_AIM OF THE TASK:_
Every word in the data below belongs in your copy, exactly as given; the pictures do not.

*** Opening DATASET EXCERPT ***

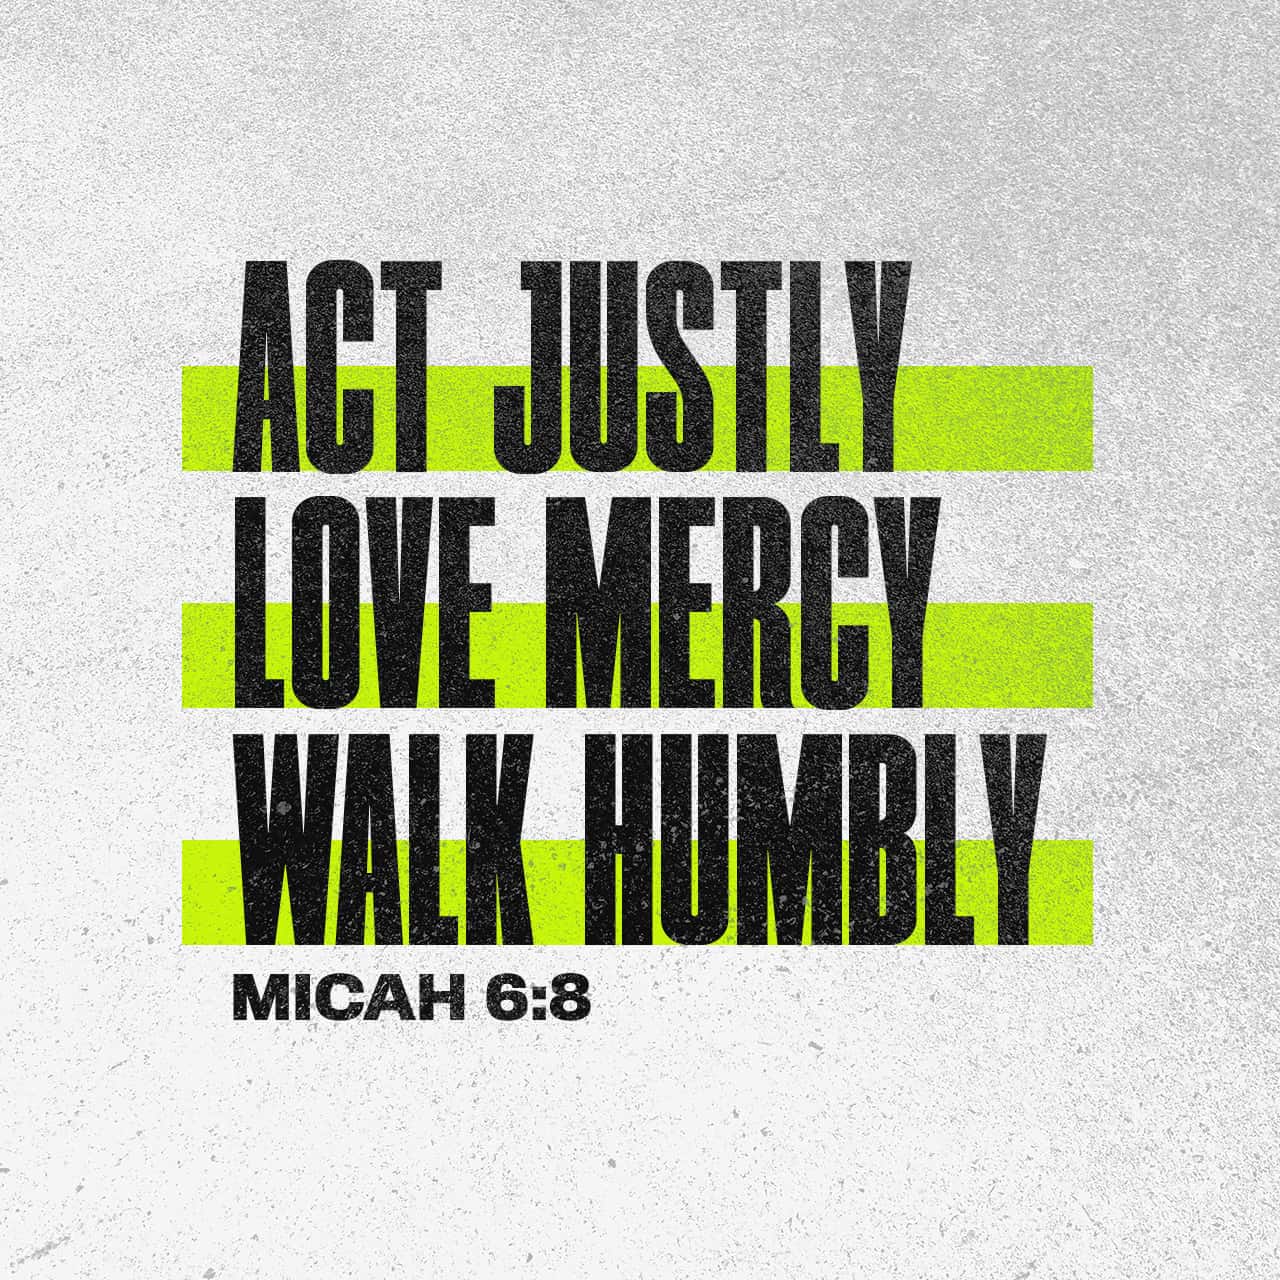 Act Justly. Love Mercy, Walk Humbly. - Micah 6:8 - Verse Image
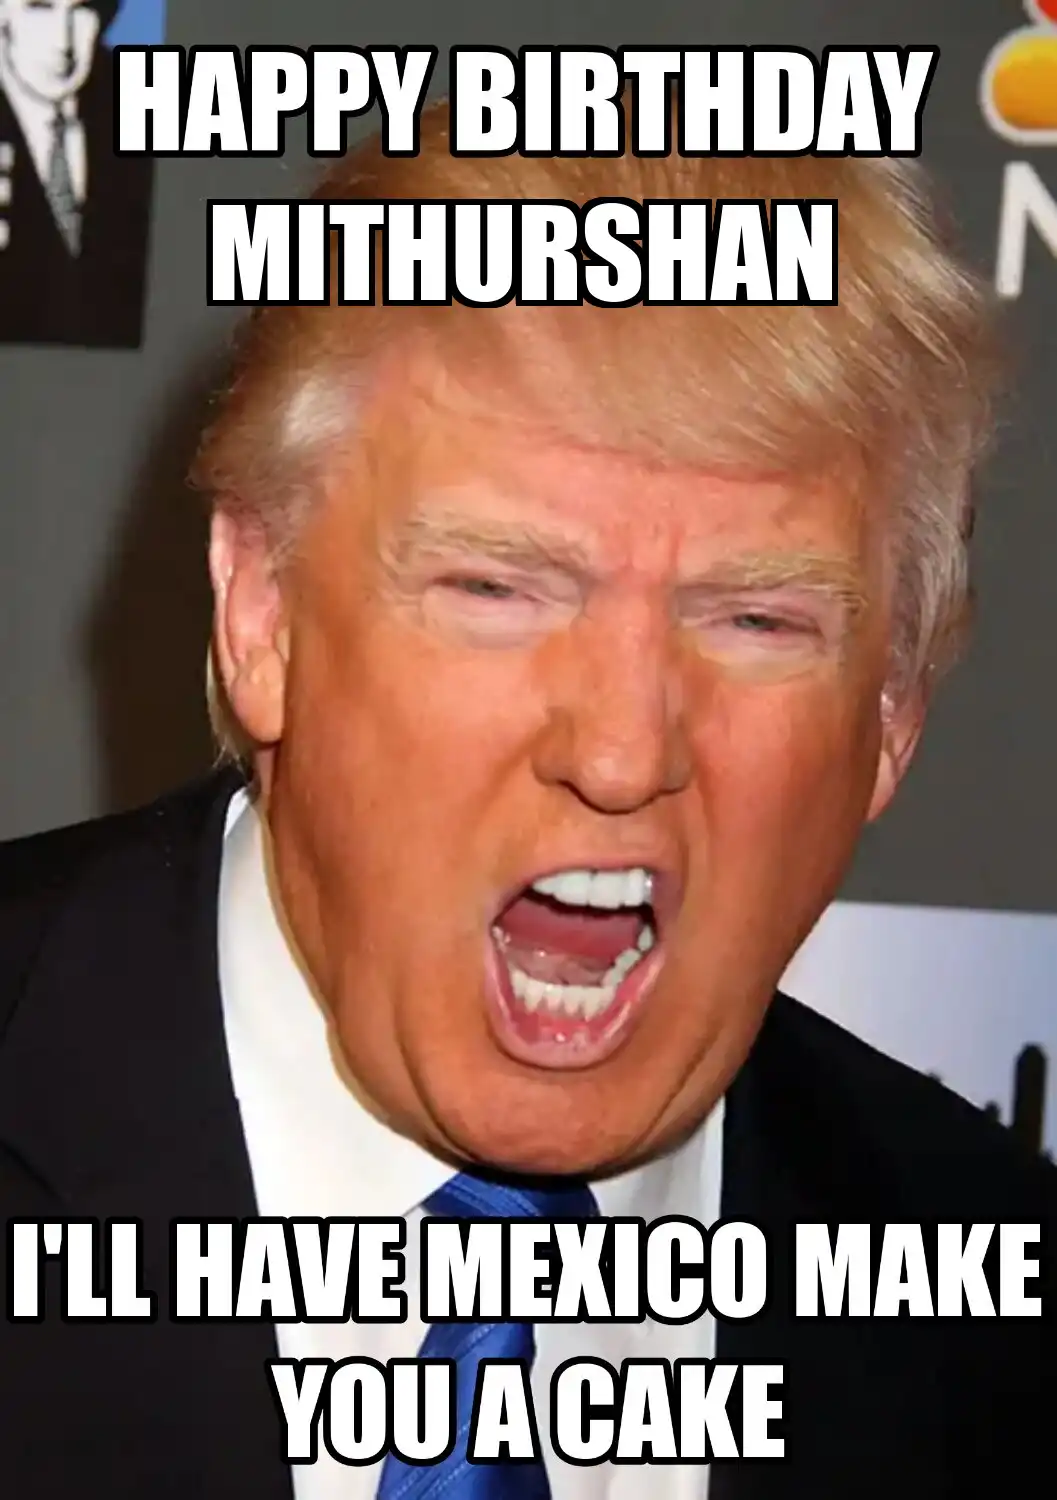 Happy Birthday Mithurshan Mexico Make You A Cake Meme
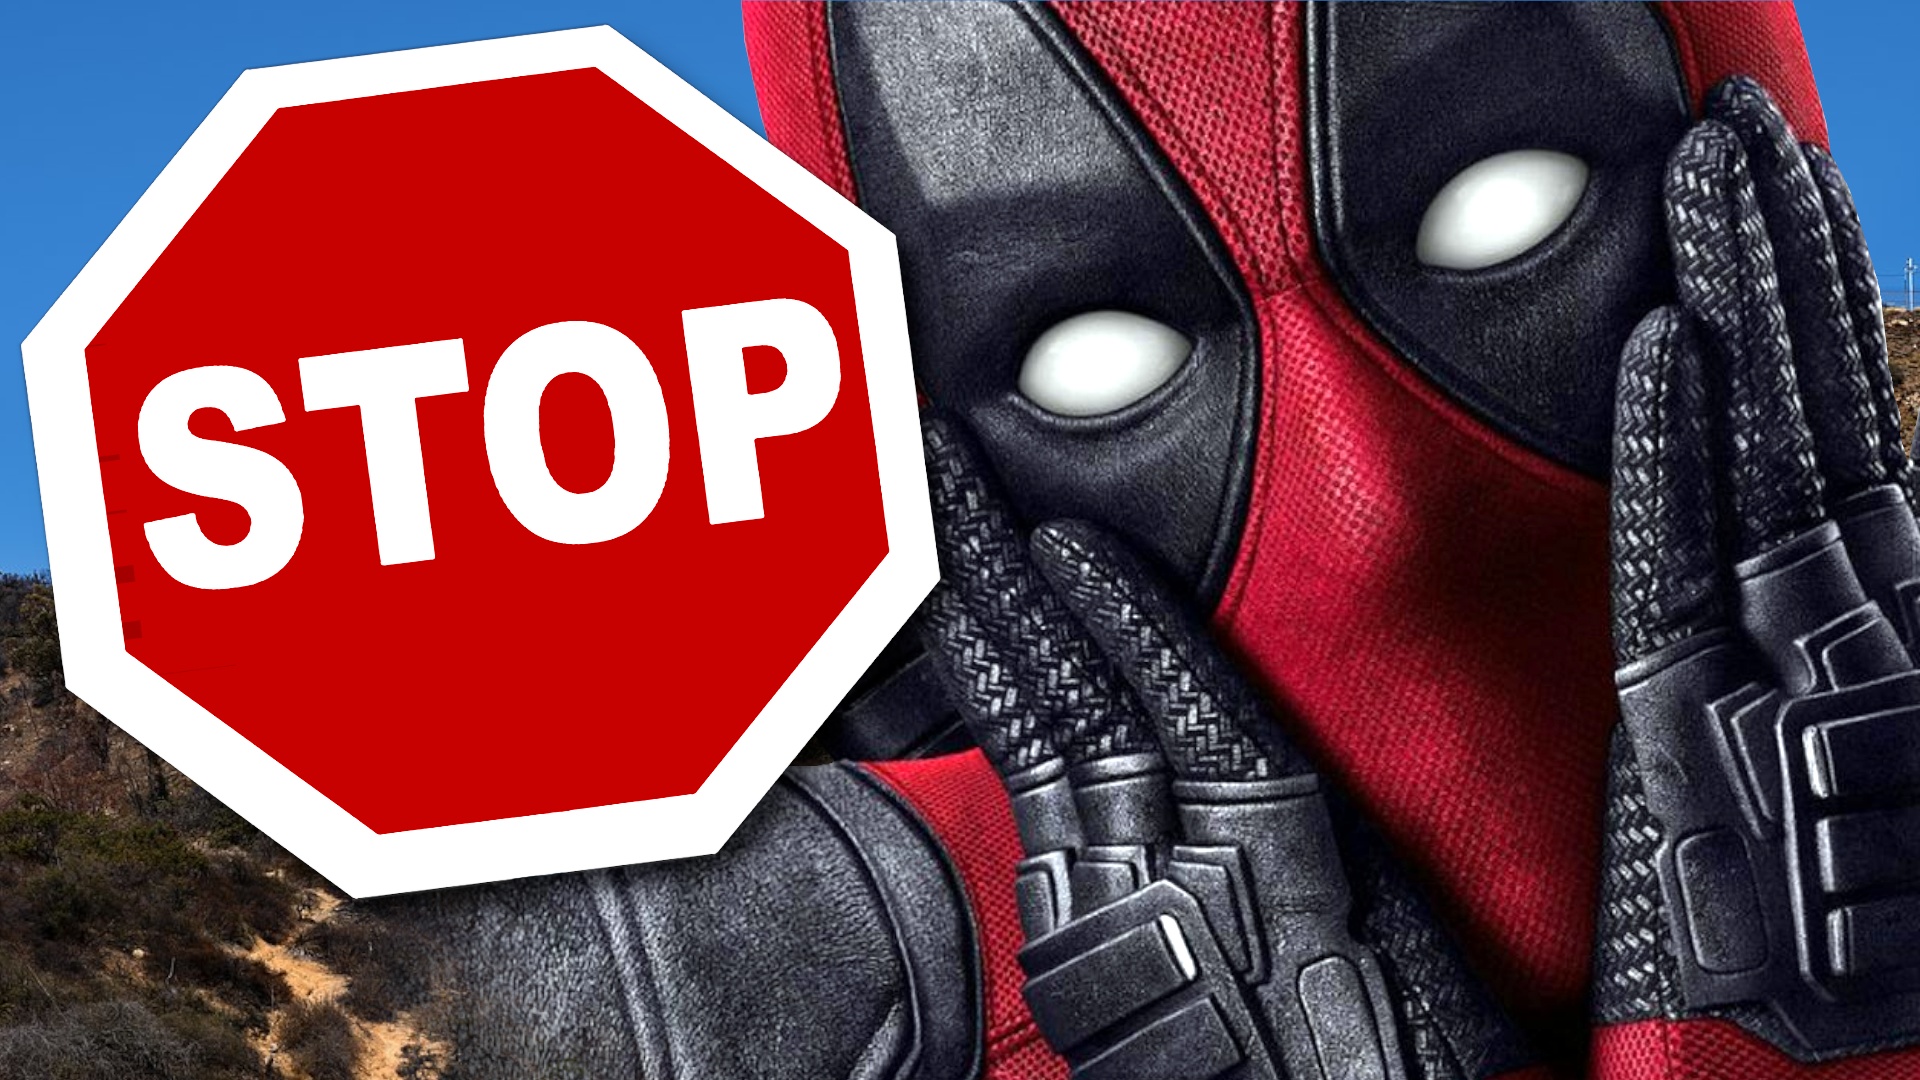 #Mega-Streik in Hollywood: Produktion aller Filme und Serien gestoppt, inklusive Deadpool 3 und Stranger Things
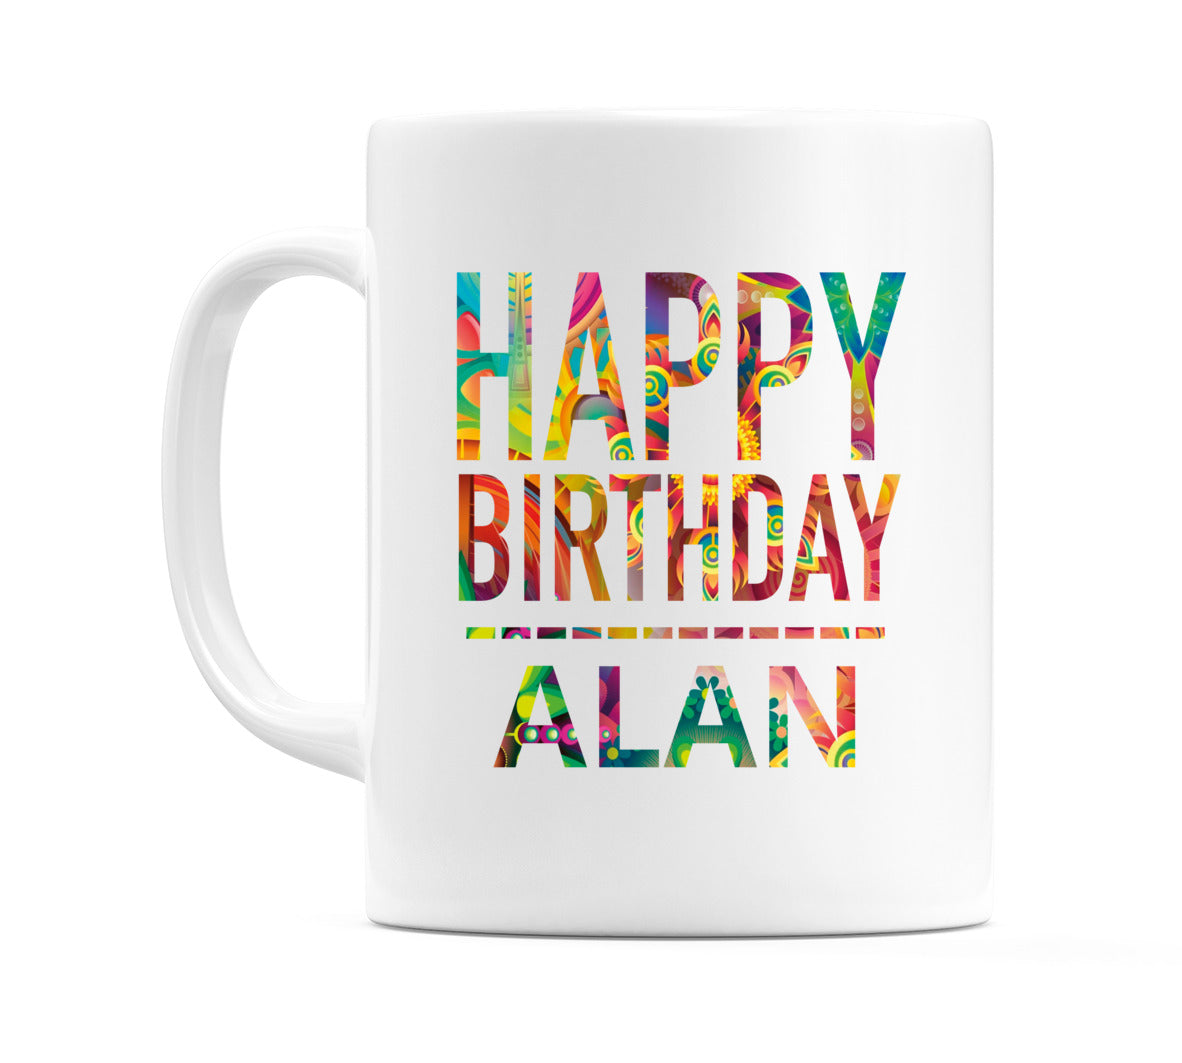 Happy Birthday Alan (Tie Dye Effect) Mug Cup by WeDoMugs

*** Closing DATASET EXCERPT ***

_EXERCISE SOLUTION:_
 Act Justly. Love Mercy, Walk Humbly. - Micah 6:8 - Verse Image
 Happy Birthday Mithurshan Mexico Make You A Cake Meme
 #Mega-Streik in Hollywood: Produktion aller Filme und Serien gestoppt, inklusive Deadpool 3 und Stranger Things
 Happy Birthday Alan (Tie Dye Effect) Mug Cup by WeDoMugs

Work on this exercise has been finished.